I hope you guys understood what I was trying to say.

[altius]

Take a look at Figure 7.7 on page 44 of Beginner to Bubka. Data from the 1987 World Champs in Rome suggested just over 4000 joules at take off and around 5600 when the pole was straight. The additional energy comes from Bubka continuously interacting with the pole from the instant of take off until he released it.

[vault3rb0y]

More specifically, while he is on the pole his transfers more energy into the pole by rotational kinetic energy, creating a moment around his top hand. Also, during the top part of his inversion he transfers energy from his muscles into moving his hips upwards in a free-hip to handstand action. These two sources of energy more than overcome the energy loss to friction and the forward motion necessary for clearance.

[VaultPurple]

I posted this in a thread on run speed vs. height.

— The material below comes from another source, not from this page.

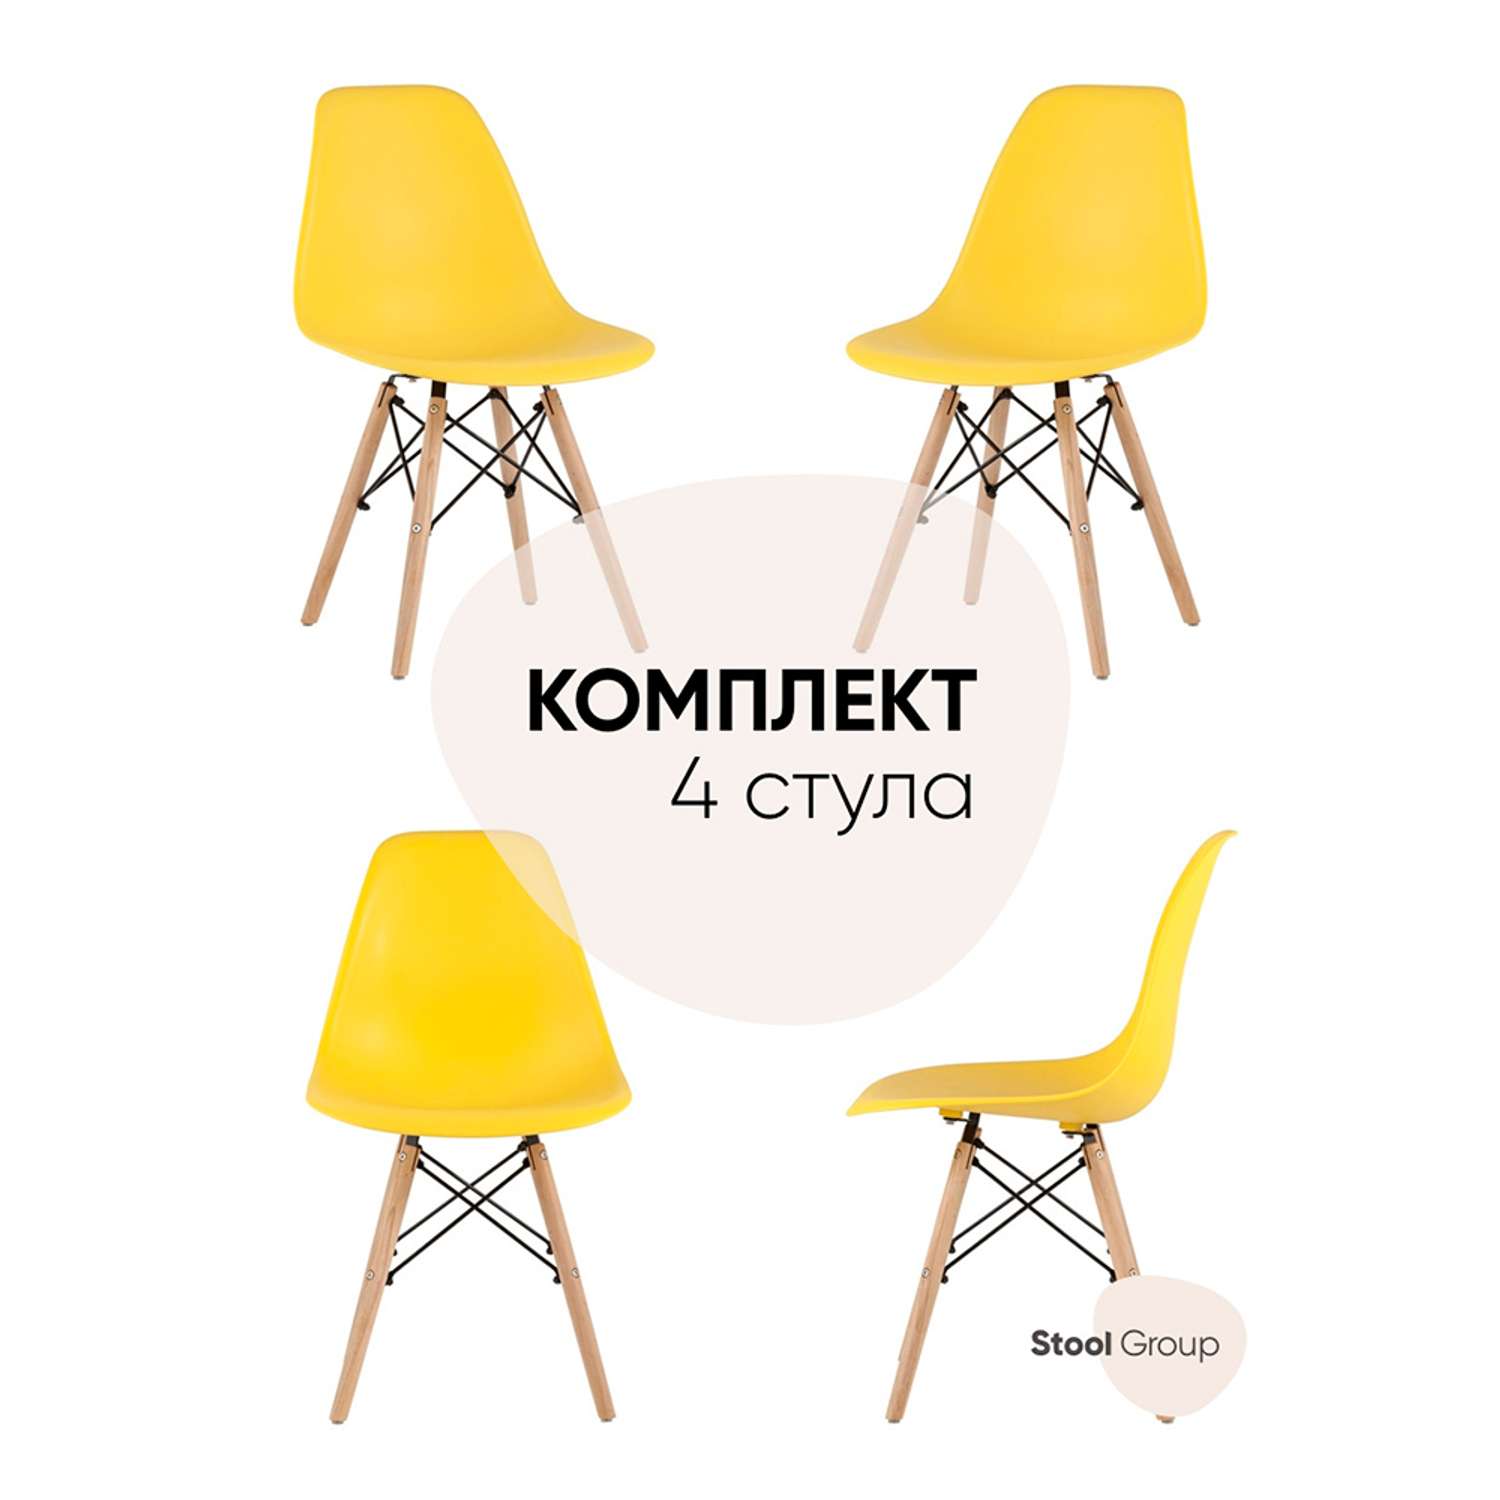 Комплект стульев Stool Group DSW Style желтый - фото 1
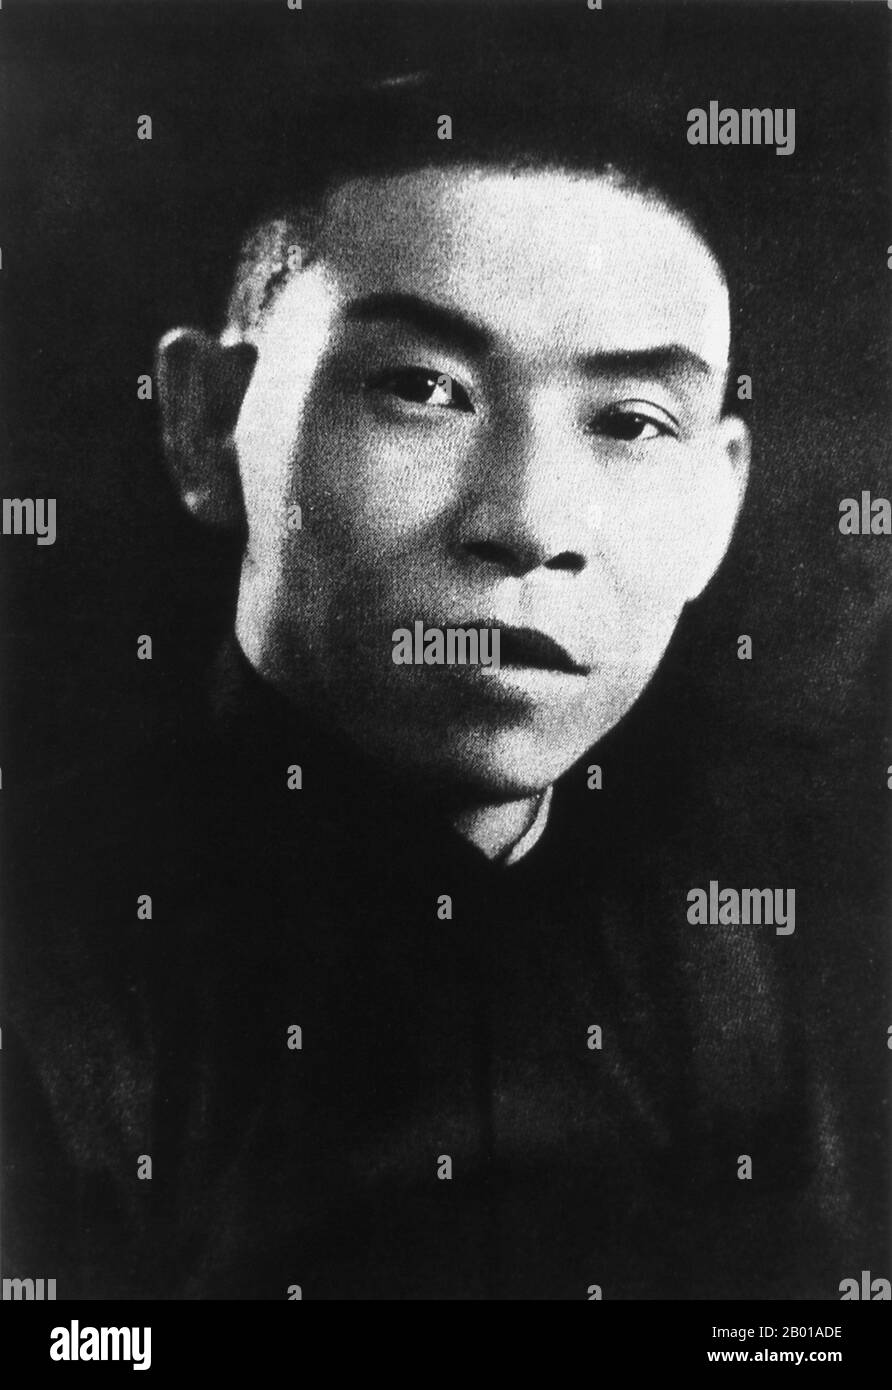 China: Du Yuesheng, Green Gang Mobster und Shanghai Pate (22. August 1887 - 16. August 1951) als junger Mann, c.. 1935. Du Yuesheng (TU Yüeh-sheng), allgemein bekannt als 'Big-Ears Du', war ein chinesischer Gangster, der einen Großteil seines Lebens in Shanghai verbrachte. Er war ein wichtiger Unterstützer der Kuomintang (KMT; aka Nationalisten) und Chiang Kai-shek in ihrem Kampf gegen die Kommunisten während der 1920s, und war eine Figur von gewisser Bedeutung während des Zweiten Chinesisch-Japanischen Krieges. Nach dem chinesischen Bürgerkrieg und dem Rückzug der KMT nach Taiwan ging Du ins Exil nach Hongkong und blieb dort bis zu seinem Tod im Jahr 1951. Stockfoto

But it kind of goes along.

I know there is alway the rumor of Bubka and a 10.1 m/s vault. But does anyone have the documented measurements of this? What meet and what did he jump?

What I am trying to do is calculate the energy put into the vault, and then how much energy they added after they leave the ground.

If Bubka were to run at 10.1 m/s then he would put in just enough kinetic energy to raise his center of mass about 17', and since his center of mass is probably about 3' off the ground that puts the vault at just over 20' (ie. the world record).

But in the 1987 vault if he was only running 9.5 m/s then he would have put in enough kinetic energy from the run to raise his center of mass 15' which is just over a 18' vault. But since he jumped 19'2 in that vault. Which means he added about 260 Joules of energy to the vault.

One of the goals to this is, had he used the same technique at the top of the vault would he have jumped 6.45 meters (which is the equivalent of what you would get from adding the extra 260J to a 10.1 m/s vault). And I know some people argue he has jumped close to that height, so maybe he was able to, just the bar was not there.

And I know that we are not in a vacuum and there is loss of energy in the pole and things like that. But the data is still very close to the real numbers we get from Bubka's vaults. Since 10.1m/s comes out to 6.12m vault and the energy added from the technique in the 1987 vault comes out to about 6.45m vault, which is what some people argue he should have been able to jump if he was not raising his PR 1cm at a time.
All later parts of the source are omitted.